Perché non amo la festa dei Morti - Live Sicilia

Perché non amo la festa dei Morti

Un po' per scherzo, un po' per leggerezza, un po' sul serio. Ecco perché la festa dei morti non mi è mai piaciuta. E a voi?

C’è un acuto elemento di nostalgia, come lo racconta con rara sapienza il nostro Vitogol, nell’incipiente festa dei morti. Ed è una cosa bambina e sopravvissuta di attese, di occhi nel buio che attendevano il tradizionale regalo. I morti – proprio loro – sarebbero arrivati per portare un dono. Avrebbero solcato le dimensioni di un altro tempo. E sarebbero tornati qui, tra noi vivi, per manifestare con un segno tangibile il perpetuarsi della loro presenza.

Ecco, a me questa storia dei trapassati che si rifanno letteralmente vivi mi è sempre parsa bislacca; non mi è mai piaciuta. Da bambino stravedevo per Babbo Natale, sicché quando infine mi comunicarono, con mille cautele, che non esisteva, che era un luogo della fantasia per esprimere gioia e gratuità, mi ci vollero parecchie settimane pur di superare lo choc.
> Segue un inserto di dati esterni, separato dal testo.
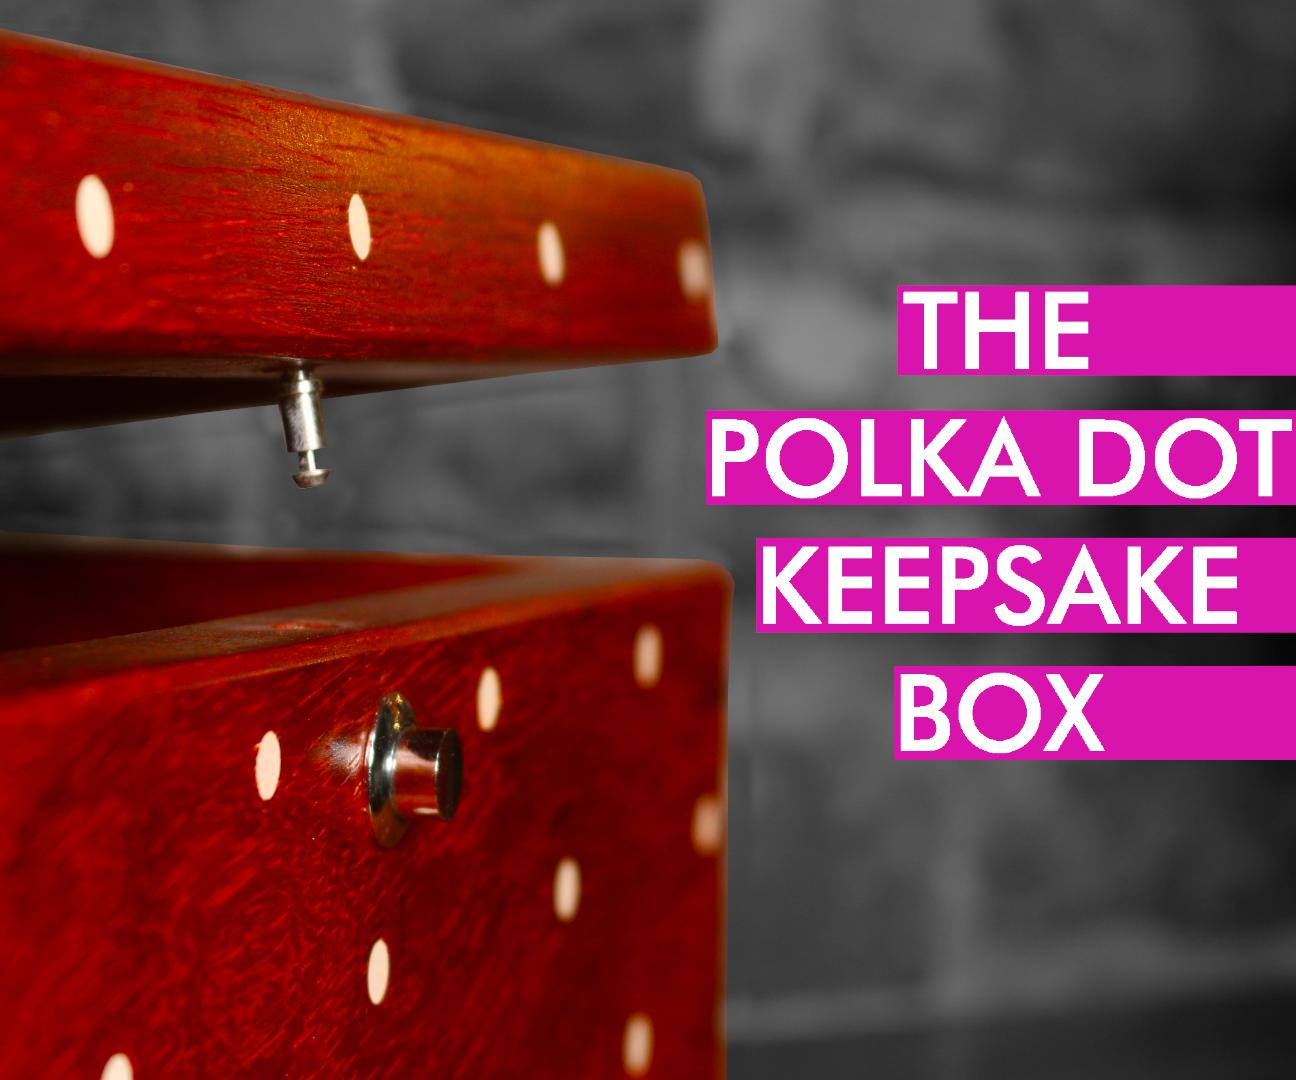 The Polka Dot Keepsake Box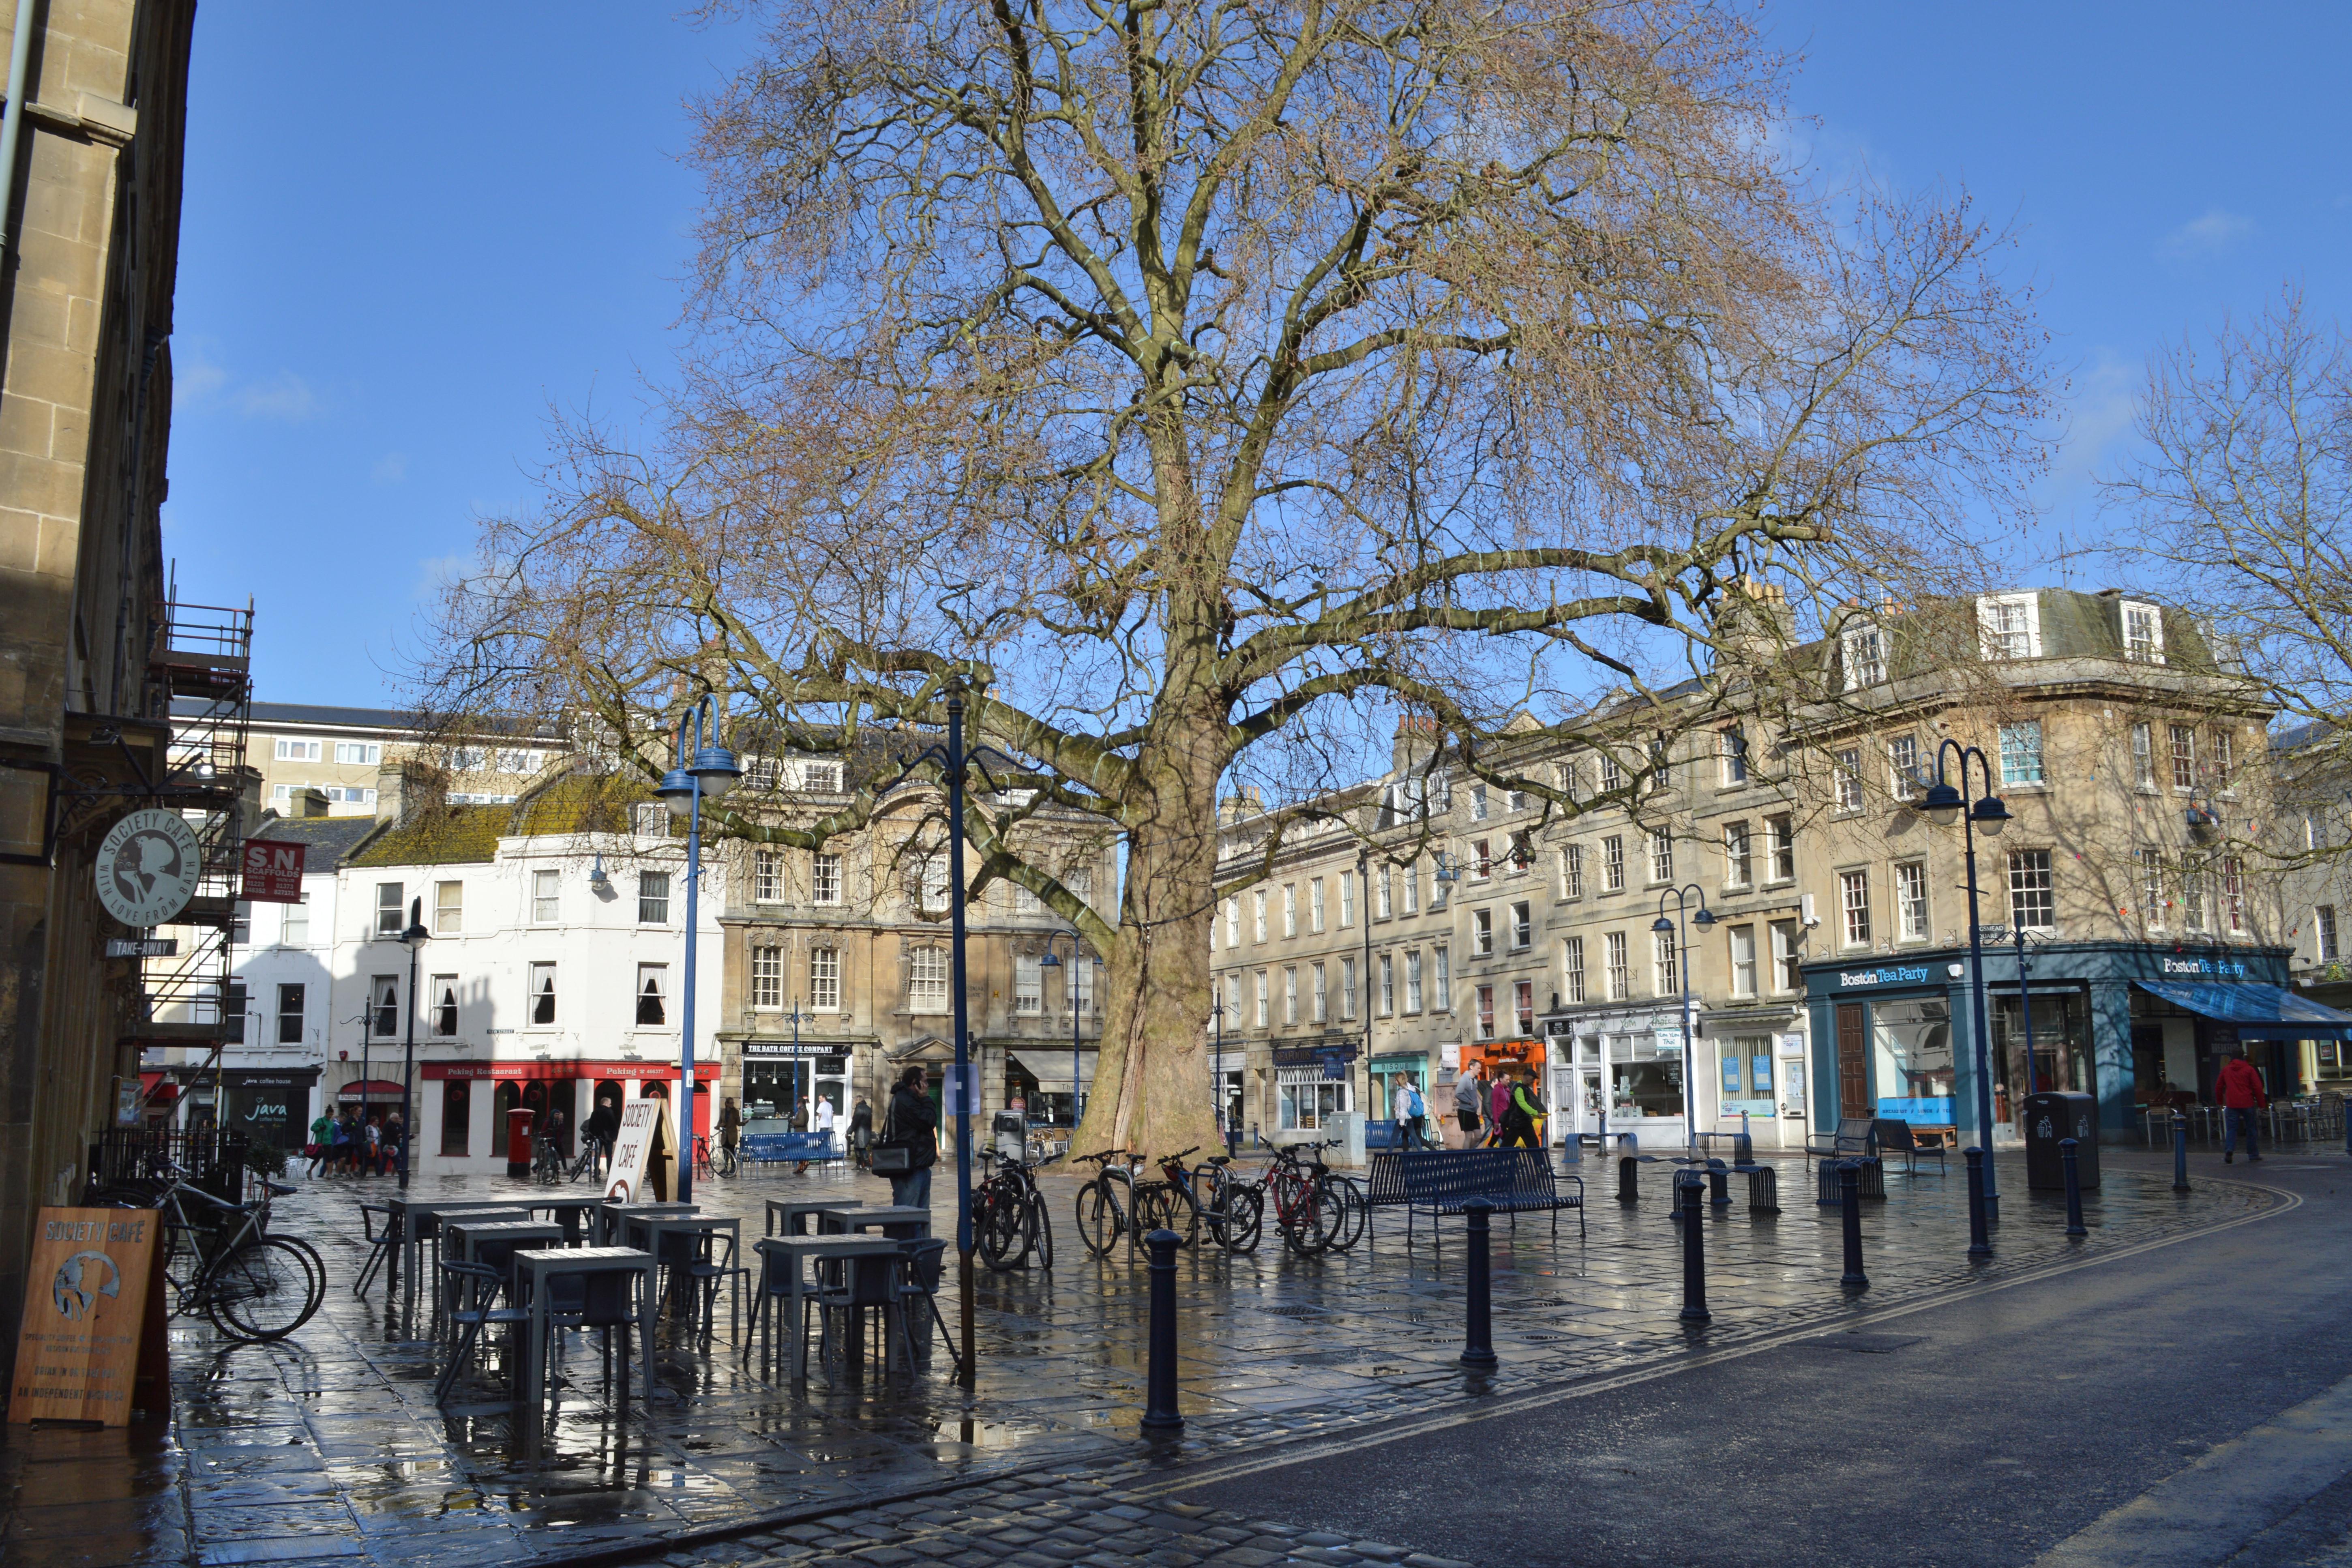 FileKingsmead Square Bath From South East

La Befana era un’inquilina scomoda dei sogni, con le sue calze strappate, soprattutto perché annunciava il rientro a scuola. San Nicola era praticamente un miserabile – tu ci rimettevi il dentino, lui ti portava appena un soldino – oppure un illuminato precursore della spending review. La Pasqua era un ritrovo immateriale, troppo teologico, troppo raffinato per l’infanzia: se a sei anni non capisci la morte, cosa te ne fai della resurrezione? Giusto la colomba pasquale offriva un addentellato gustoso e pratico a una ricorrenza altrimenti incomprensibile.

E poi c’erano i morti. Nei giorni dell’infanzia, la schiera dei miei defunti era striminzita. Appena un nonno materno che non avevo conosciuto e uno zio disperso in Russia, nei giorni di una guerra feroce. Stavano entrambi in effigie sul comò del salone familiare, accompagnati da un lumino rosso: lo zio con la bustina di tenente della seconda guerra mondiale, eternamente ventenne col suo profilo alla Amedeo Nazzari, però senza baffi; il nonno sorridente nella foto. E lì scoprii per la prima volta che la potenza di un ricordo risiede nella sua fotografia. Ancora oggi, quando ripenso a quel nonno dolcissimo e straniero lo rivedo soltanto con quel sorriso, con quella faccia, con quei capelli.

Nel dì della festa, si pregava il giusto, un ‘Eterno riposo’ che fungeva da preambolo al banchetto. Infine, i bambini aspettavano i regali. Primo dispiacere: al contrario di Babbo Natale, ‘sti morti con me non ci azzeccavano mai. Volevo Big Jim che menava colpi di karate con una pressione digitale sulla schiena? E loro mi impacchettavano la macchinina. Agognavo la macchinina? E loro mi facevano recapitare le bestie della giungla con un improbabile gorilla dall’espressione scimunita. Chiedevano le mirabili bestie della giungla? E loro mi accontentavano con l’anatomia illustrata del corpo umano. Oltretutto, sinceramente non capivo perché avrebbero dovuto disturbarsi tanto. Che gusto c’era a morire, se non risultava possibile rinunciare alle incombenze della vita? Non sarebbe stato meglio telefonare? Chessò: sono lo zio Nino, disperso in Russia, per quest’anno i regali comprateli voi che siete vivi e vegeti, grazie.

Girai il quesito a mio padre. Lui ci pensò e mi rispose: “Forse in Paradiso non hanno il telefono”. Non mi convinse però. Tutta questa faccenda non mi ha mai convinto, né allora, né oggi. Soprattutto per un particolare che con gli anni ho messo a fuoco. I morti sono aumentati con l’età (“I muorti so assaje”). Si sono aggiunti i nonni al gran completo, molti zii, un padre che riposa nel suo palmo fiorito di terra ai Rotoli, un fratello che dorme con i suoi guizzi di cenere da qualche parte nel mio cuore. Ma per me non sono affatto morti. Io li sento, tutti, ancora vivi.